Data Cleaning Tutorial (2020) | Cleaning Data With Python and Pandas
This data cleaning tutorial will introduce you to Python’s Pandas Library in 2020.
Get access to my complete data cleaning course for $79 (normal price $297) – LIMITED TIME OFFER
✅ Data Wrangling with Python – https://bit.ly/3b6Luz6
✅Subscribe for even more Data Science tutorials!
✅Check out our website for the best Data Science tips in 2020:
✅Follow us on Twitter!
Error handling in Python: https://docs.python.org/3/tutorial/errors.html
Matt Brems material on missing values: https://github.com/matthewbrems/ODSC-missing-data-may-18/blob/master/Analysis%20with%20Missing%20Data.pdf
It’s the start of a new project and you’re excited to apply some machine learning models.

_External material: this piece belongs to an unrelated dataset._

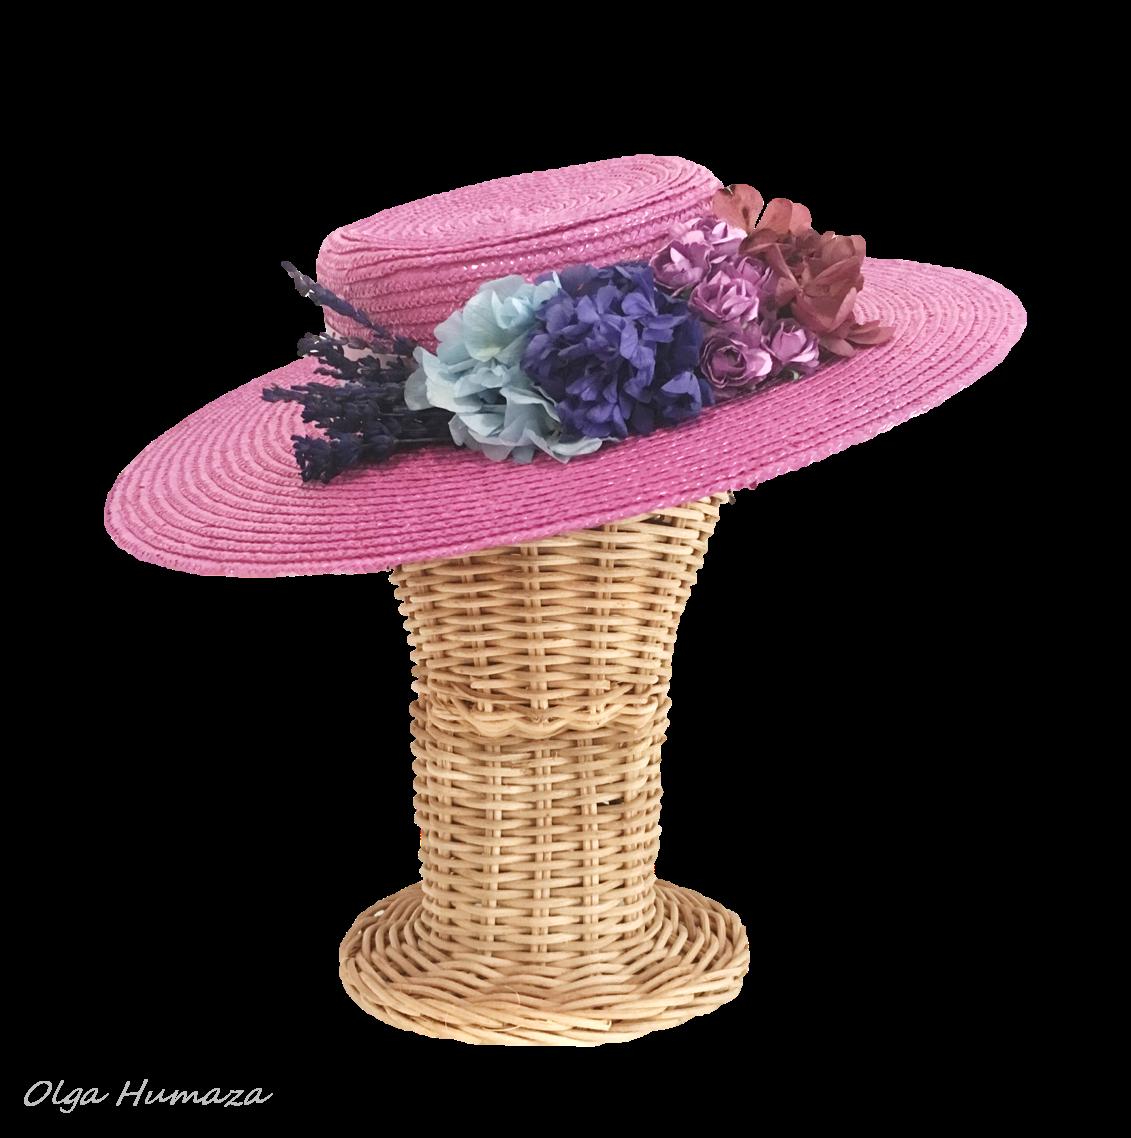 http://olgahumaza.blogspot.com.es/2014/02/b04-sombrero-canotier-encaje-negro-y.html
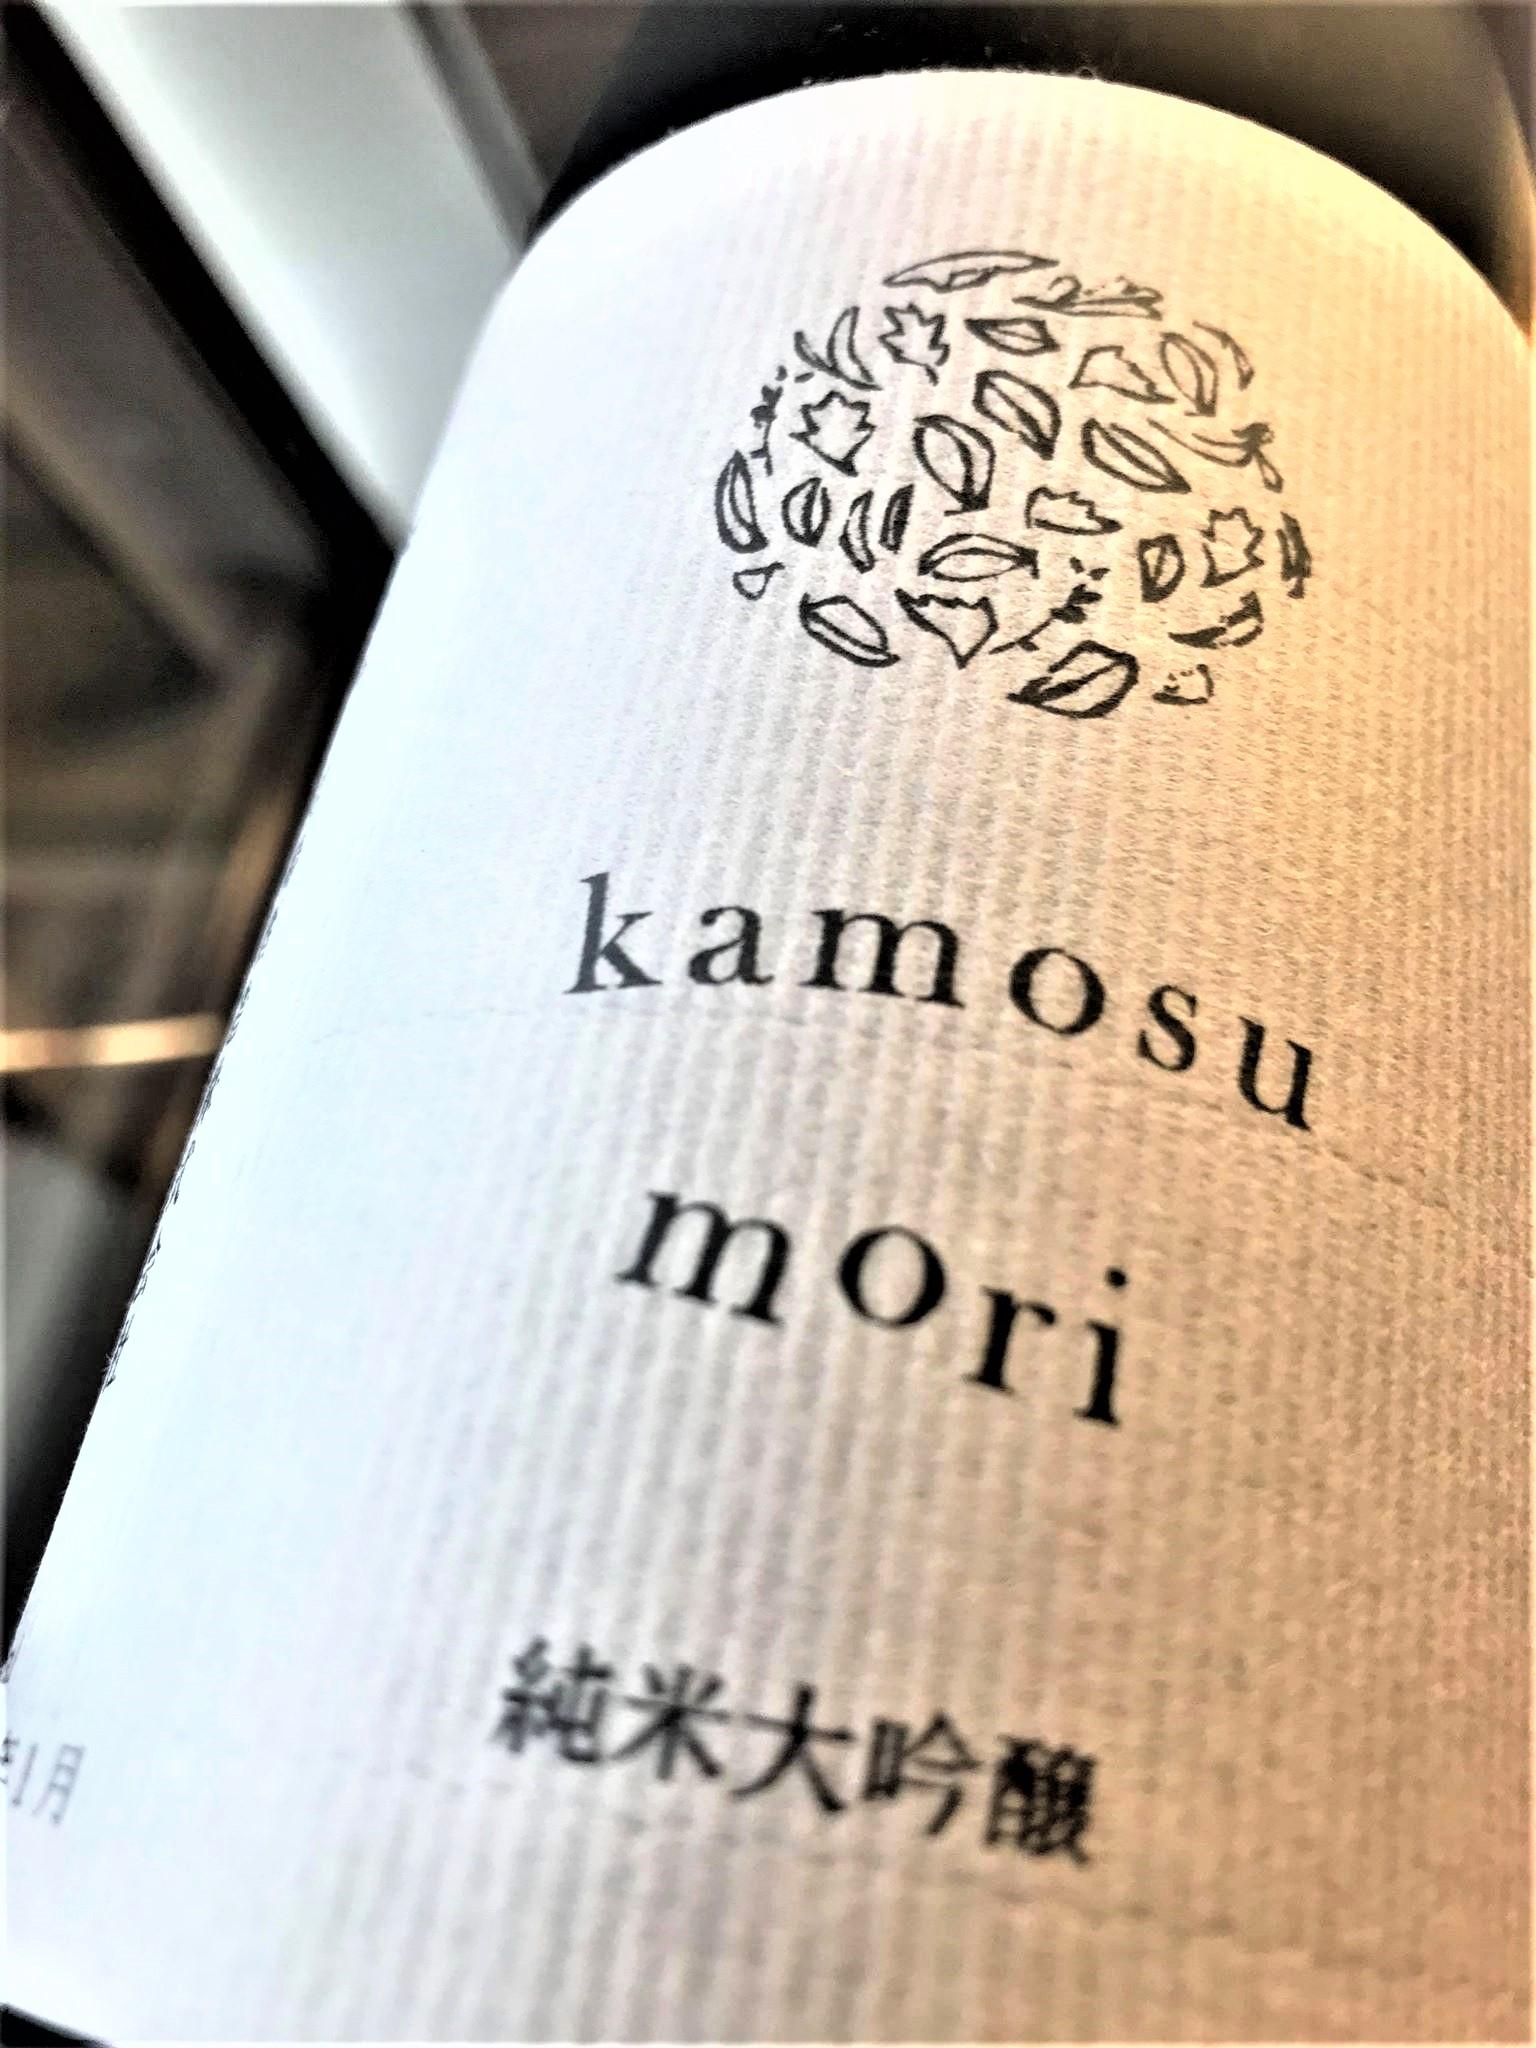 【日本酒】醸す森『kamosu mori』純米大吟醸生酒 五百万石50磨き 蔵元特別限定蔵出し 令和1BY🆕_e0173738_1538736.jpg

You take a look at the data and quickly realize it’s an absolute mess.
According to IBM Data Analytics you can expect to spend up to 80% of your time on a project cleaning data.
There’s all different types of messy data, but today we’re going to focus on one of the most common, missing values.
We’ll take a look at standard types that Pandas recognizes out of the box.
Next we’ll take a look at some non-standard types. These are inputs that Pandas won’t automatically recognize as missing values.
After that we’ll take a look at unexpected types. Let’s say you have a column of names that contains a 12, technically that’s a missing value.
After we’ve finished detecting missing values we’ll learn how to summarize and do simple replacements.